Presentations are 5 minutes long with 3 more minutes for Q&A . Below you can find the abstracts for the talks.
I will introduce some challenges in the analysis of extreme values and discuss some new ways to tackle them.
Continuous time interaction data, which records both interacting nodes and interaction occurrence time, demands modeling capabilities for any node at any continuous time point. Stochastic block models-based Hawkes processes (HPs) are common choices to model such data, which employ Hawkes processes to model the interactions between nodal pairs, and the static results of stochastic block models to describe the complex background environment (i.e., exogenous effects).
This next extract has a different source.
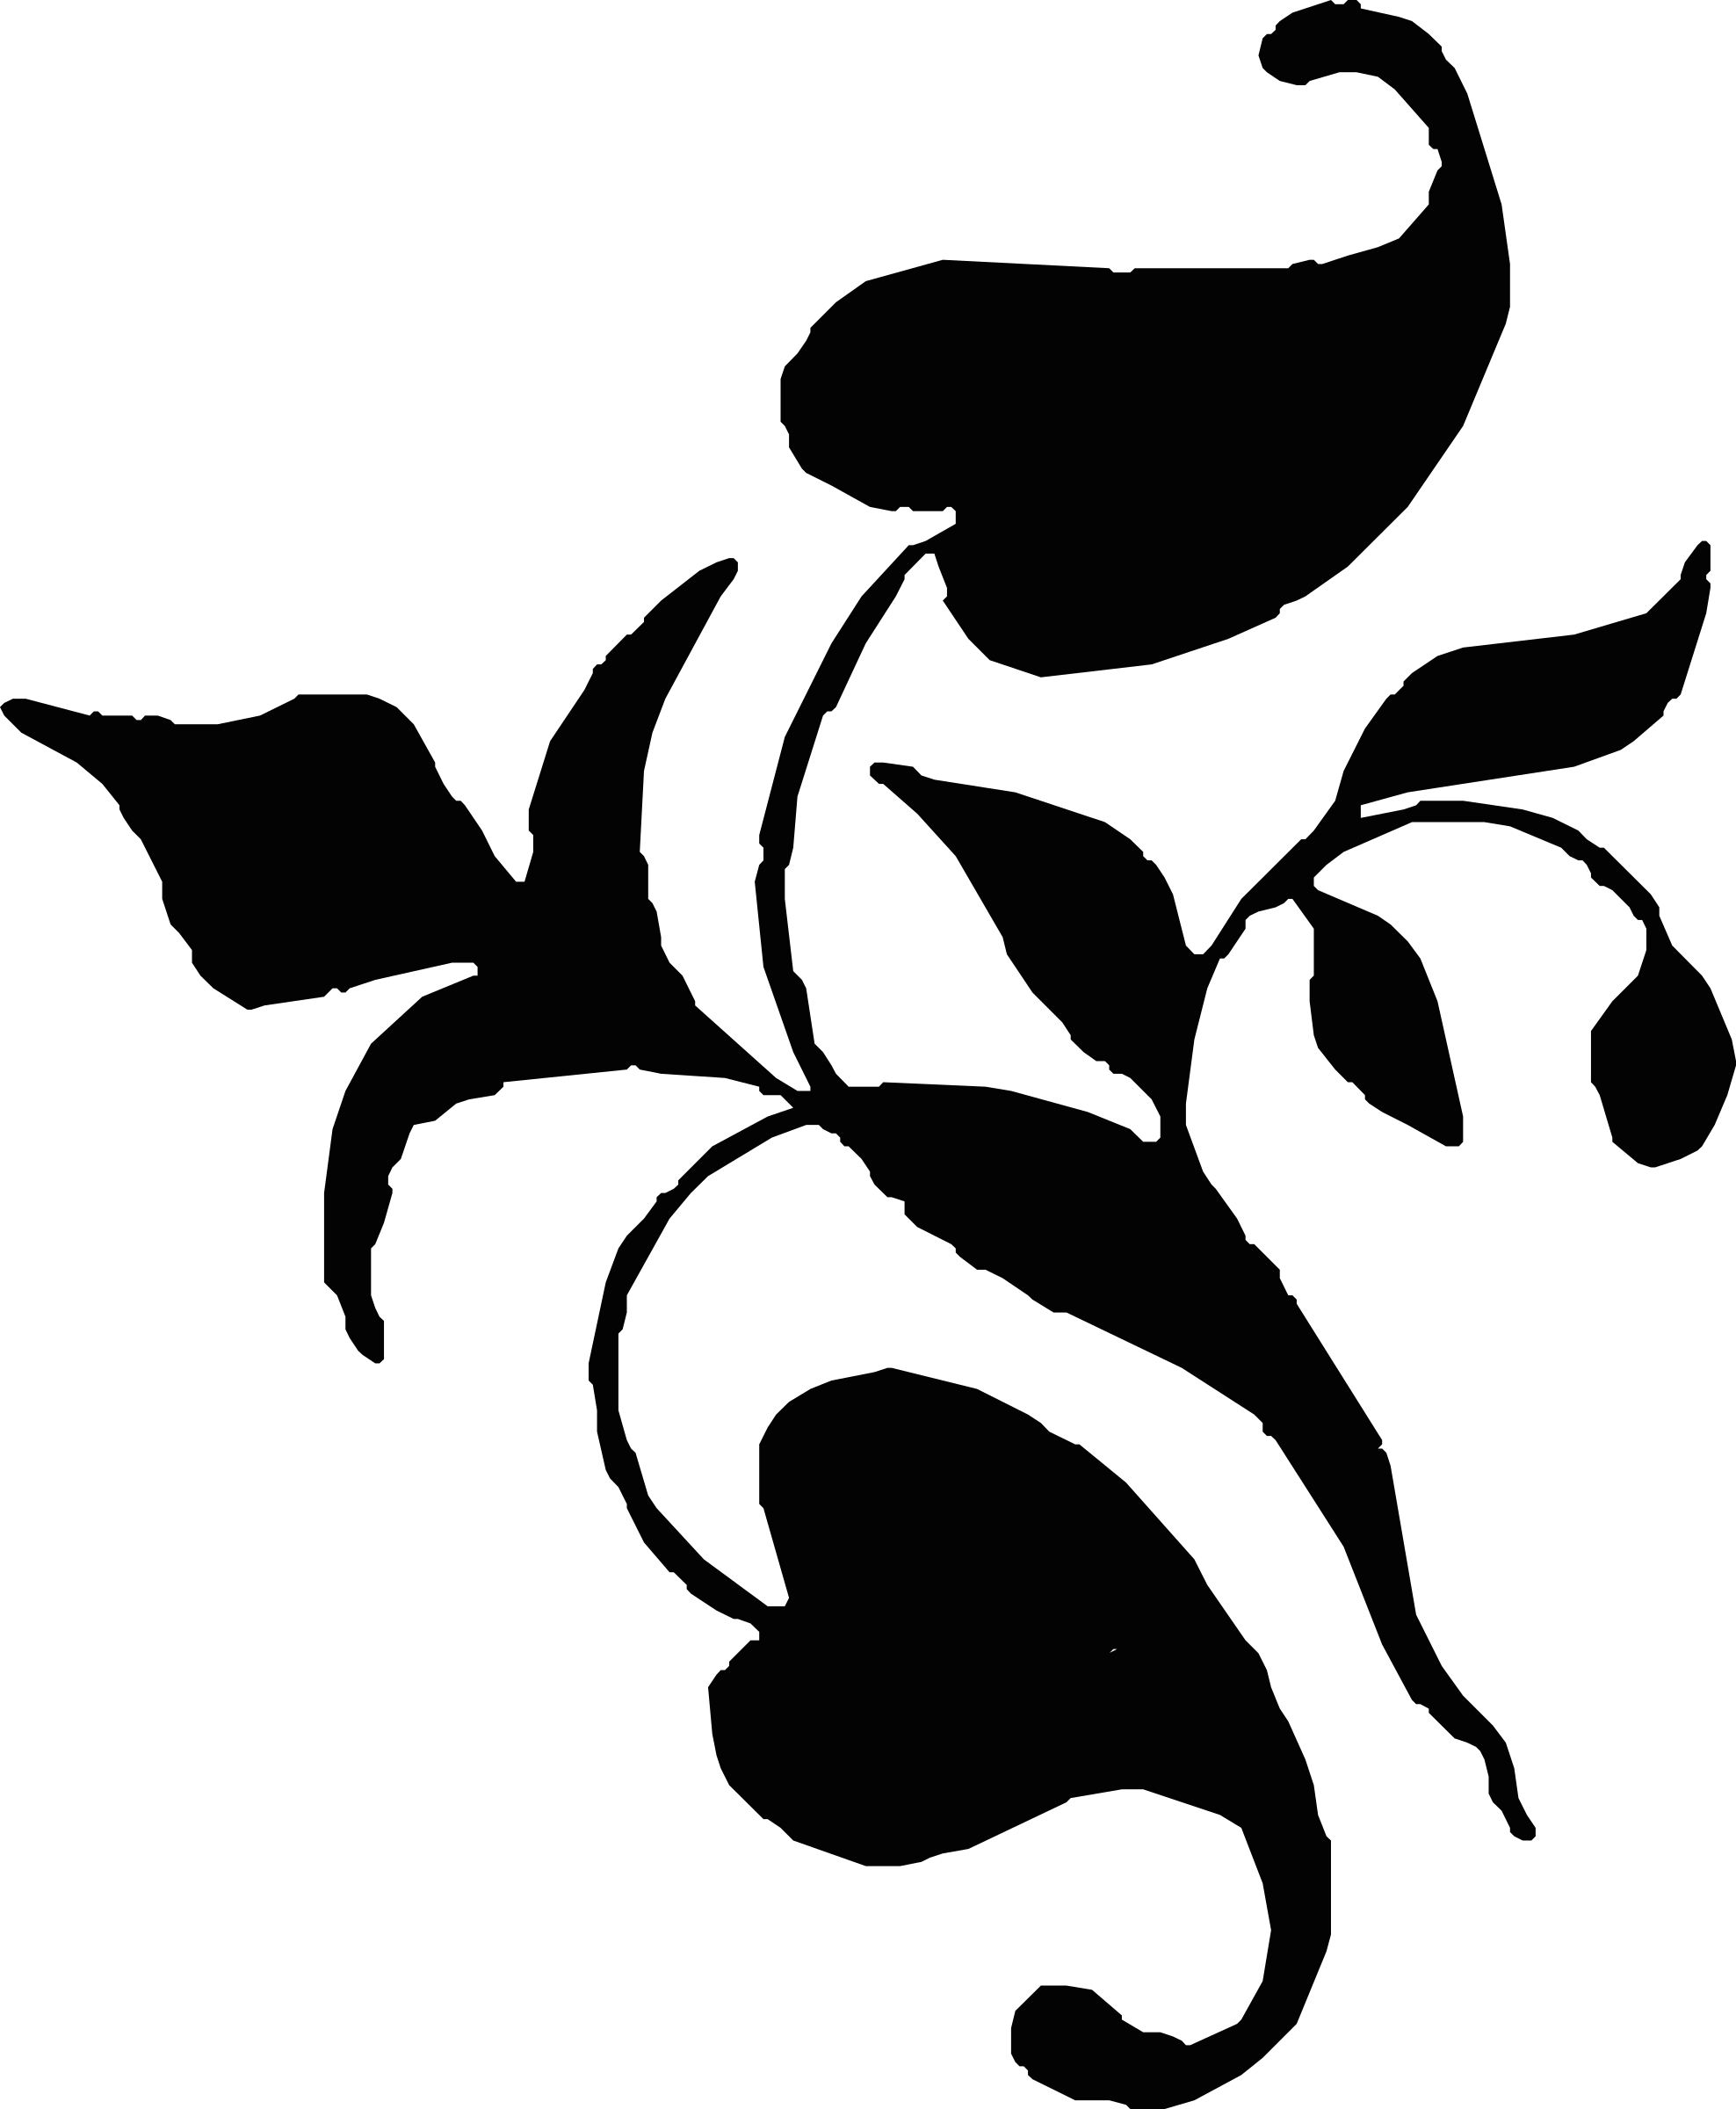 Vines clipart flowering vine. Ornamental leaves big image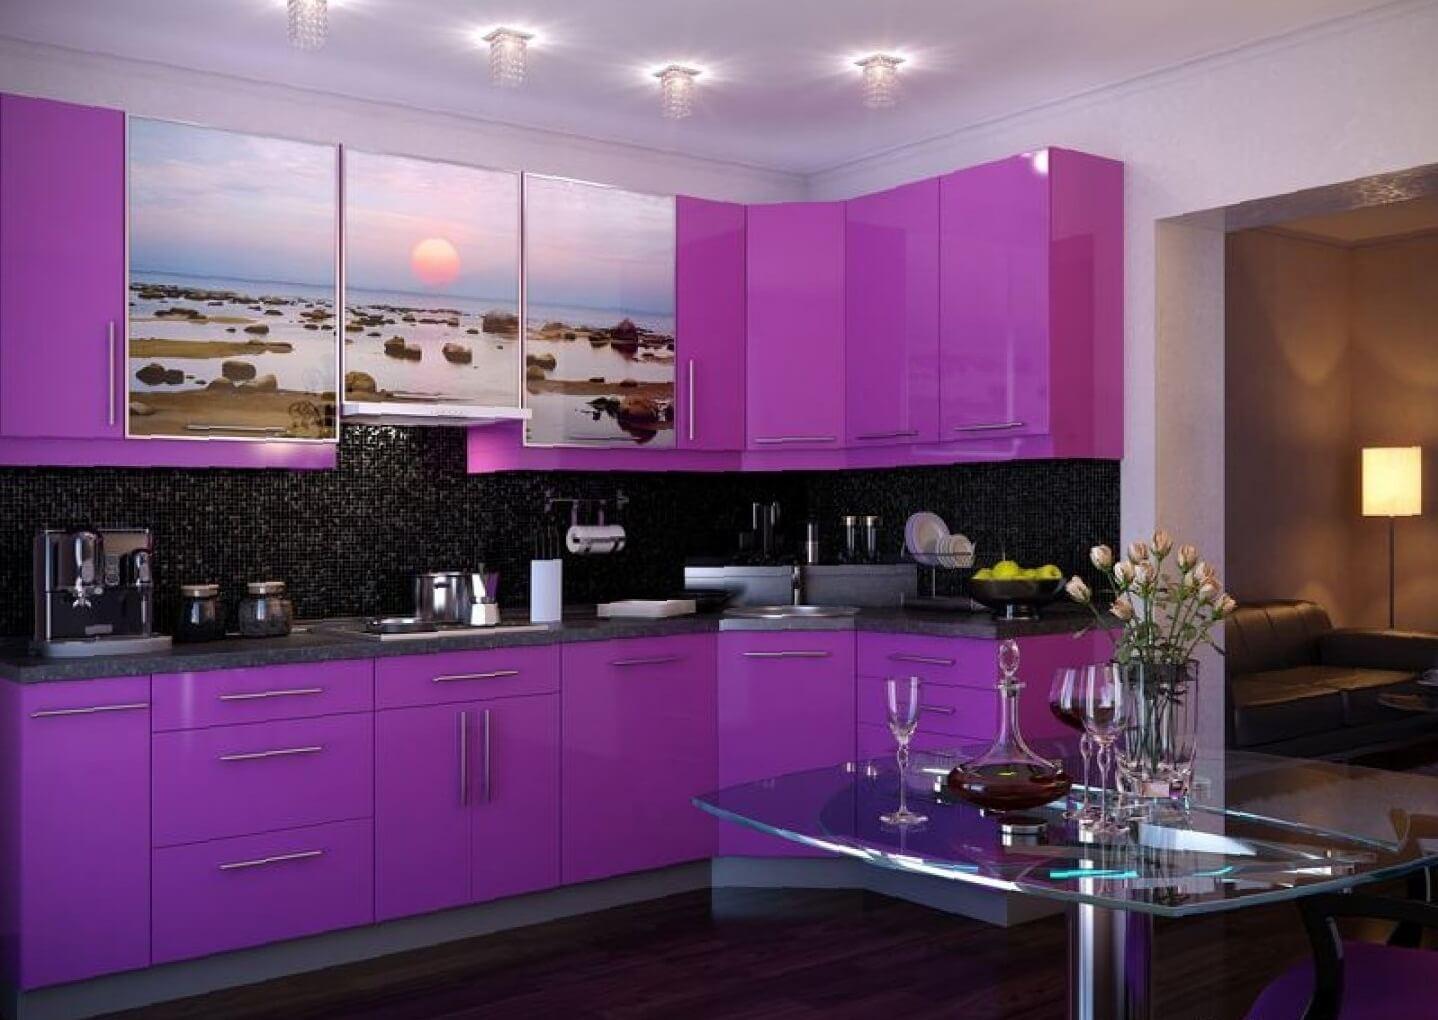 dekorasi kabinet dapur warna ungu yang unik

However, the constant exogenous effects used in these approaches restrict the models from being able to describe the complex time-evolving environment for the interactions. In this paper, we propose Hawkes-Dirichlet Propagated Processes (Hawkes-DirPPs) to learn the time-evolving exogenous effects in HPs for continuous time interaction data. Hawkes-DirPPs assume each node has a piecewise-constant community membership distribution function, which is updated through a Dirichlet distribution when the node initiates interactions with others. These membership distribution functions are then combined with a community compatibility matrix to denote a time-evolving exogenous rate function in the HPs. We develop a continuous time backward propagating latent counts and forward sampling random variables mechanism to enable efficient Gibbs sampling for Hawkes-DirPPs. The merits of Hawkes- DirPPs include describing time-evolving exogenous effects, modeling complex dependencies between nodes and efficient Gibbs sampling. Advantages of Hawkes-DirPPs have been validated through tasks of link prediction and extensive latent variable visualisations.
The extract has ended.